Friday, March 16, 2007

Algorithmanic episodes

Jerome Groopman has been all over NPR the last few days giving interviews about his new book, How Doctors Think. This morning he landed a seven-minute session on Morning Edition, and recently spoke at length with Terry Gross on Fresh Air. The book sounds like a well-constructed inquiry into the algorithmic processes of doctor think. How do physicians make sense of patients' stories and arrive at a diagnosis?

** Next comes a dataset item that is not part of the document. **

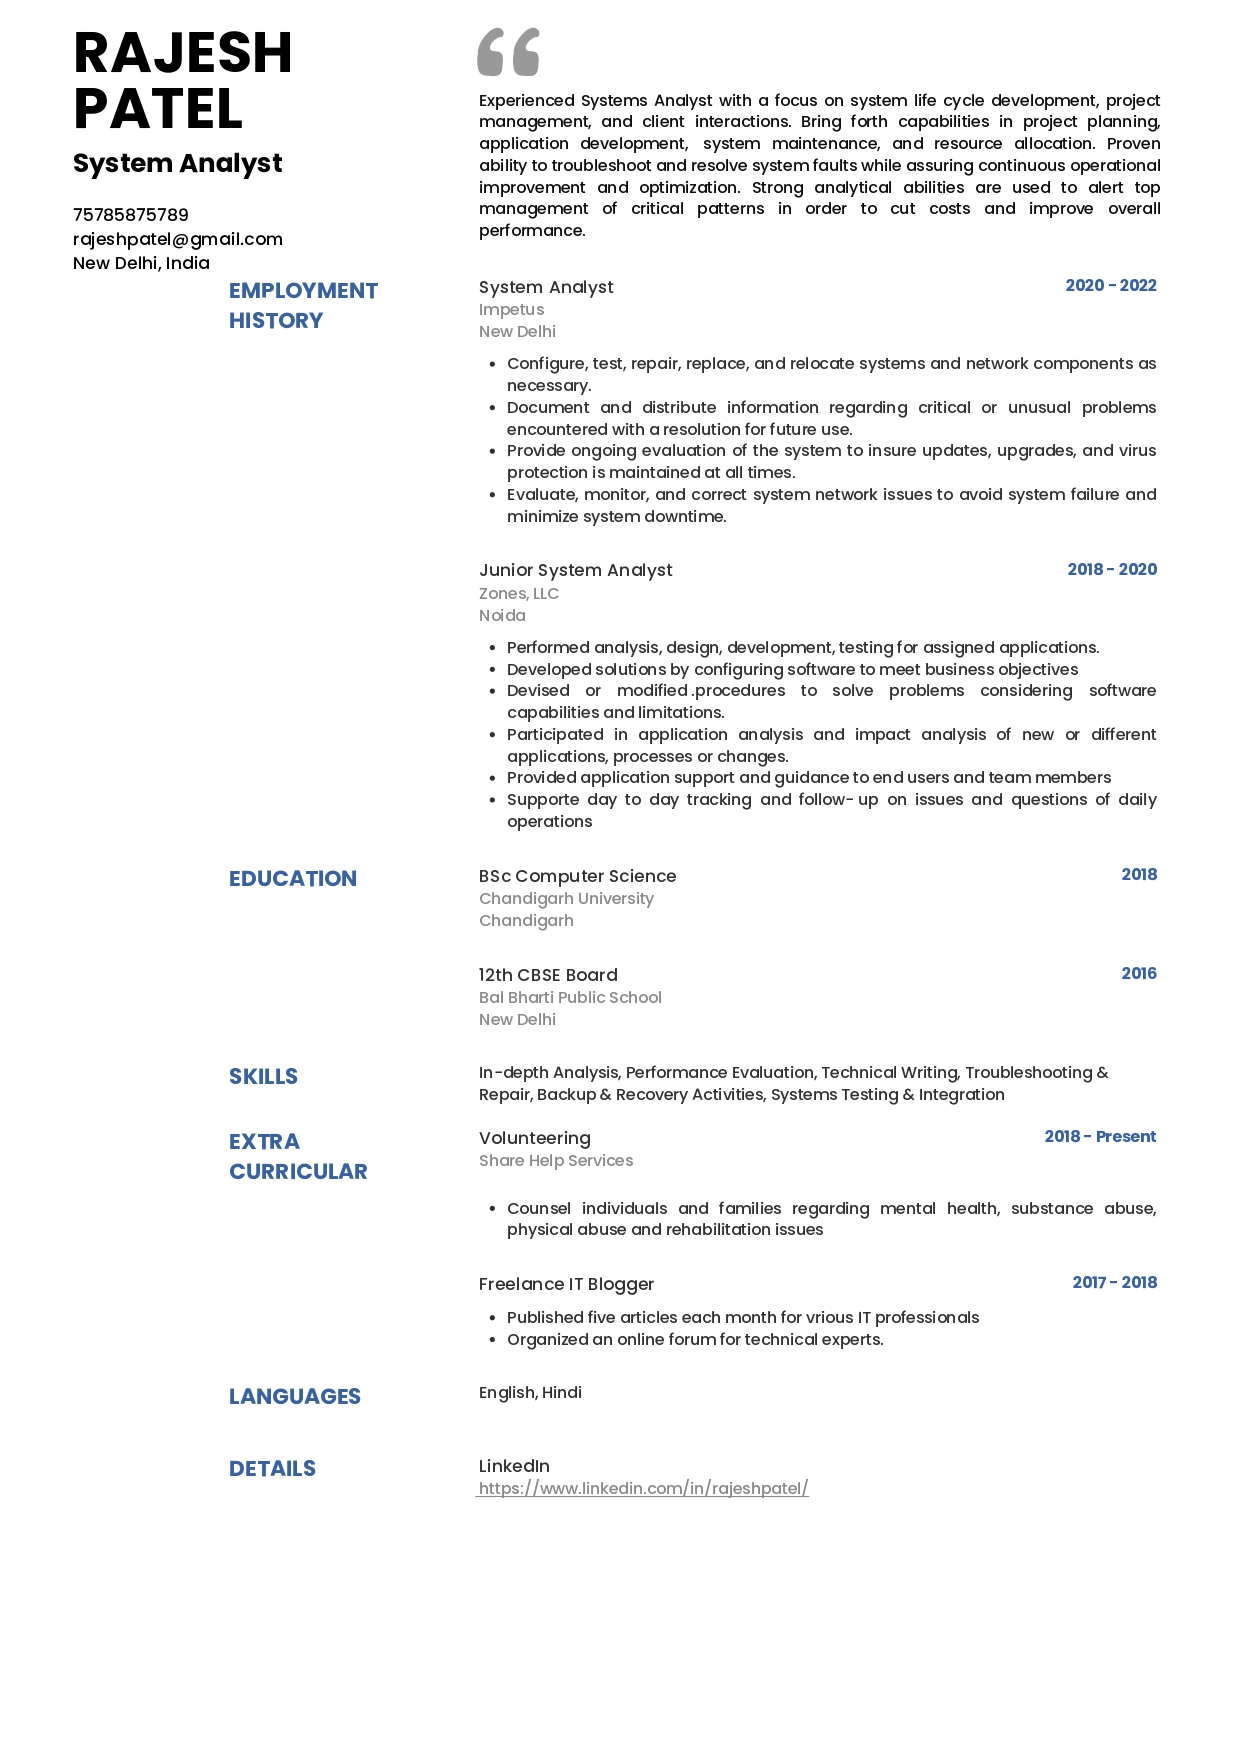 Sample Resume of System Analyst | Free Resume Templates & Samples on Resumod.co

Or a mis-diagnosis. Groopman discusses the experiences of physicians and patients--even his own experience as a patient, to point out where doctor think goes wrong. The diagnostic process, relies on information from the patient about symptoms, personal and family history, risk factors. Doctors then collect relevant "objective" data (physical exam, labs, studies), and assemble a list, or differential diagnosis we think might explain what the patient is experiencing. Ideally, it's an exhaustive list, and we narrow it with directed studies to rule things in or rule them out. We work hard at it, but for various reasons we don't always get it right, and the consequences can be severe. Dr. Groopman explains to Steve Inskeep on Morning Edition:

"Usually doctors are right, but conservatively about 15 percent of all people are misdiagnosed. Some experts think it's as high as 20 to 25 percent. And in half of those cases, there is serious injury or even death to the patient."

Why do you think that doctors would be wrong that often?

Well, you know, it's very hard to be a doctor. We're working under tremendous time pressure, especially in the current medical system. But the reasons we are wrong are not related to technical mistakes, like someone putting the wrong name on an X-ray or mixing up a blood specimen in the lab. Nor is it really ignorance about what the actual disease is. We make misdiagnoses because we make errors in thinking.

We use shortcuts. Most doctors, within the first 18 seconds of seeing a patient, will interrupt him telling his story and also generate an idea in his mind [of] what's wrong. And too often, we make what's called an anchoring mistake — we fix on that snap judgment.

An anchoring mistake? Sounds like what my people call early closure, a very common problem. Making big differentials is hard, and many things influence how quickly we decide we know the diagnosis. Often, it just seems to fit...mostly...more than other stuff. But is our list comprehensive? Did we consider only common diagnoses? Is is time to trot out the rare, eponymous syndromes we memorized in med school but have never seen? Deciding early to attach a diagnosis to a symptom feels good, especially when there are other patients with symptoms waiting to be seen.

There's something about categorization that appeals to me. Calling something anchoring mistake, when you could just as easily call it laziness, gives me a kind of hope. If I miss a diagnosis and because I'm lazy and the remedy is to "try harder," well, I'm screwed. The problem and the solution are both pretty vague, and my fear around messing up again takes over. Fear motivates, for sure, but I would argue the outcomes aren't so great.

If I can categorize my apparent laziness with nifty terms like anchoring mistake (in which I make a snap judgement) or representativeness error (wherein I tell myself that common things occur commonly), my type-A doctor mind has something productive and familiar to do: memorize a list. In this case, knowing the ways my thinking might not serve me well helps me see potential pitfalls in diagnosing and treating--also known as helping--patients.

I haven't read the book yet, but I will. I did, however read Dr. Groopman's article from January 29, 2007 in the New Yorker. The writing is excellent and the examples compelling. If the book is anything like the article, I'll be reading all weekend.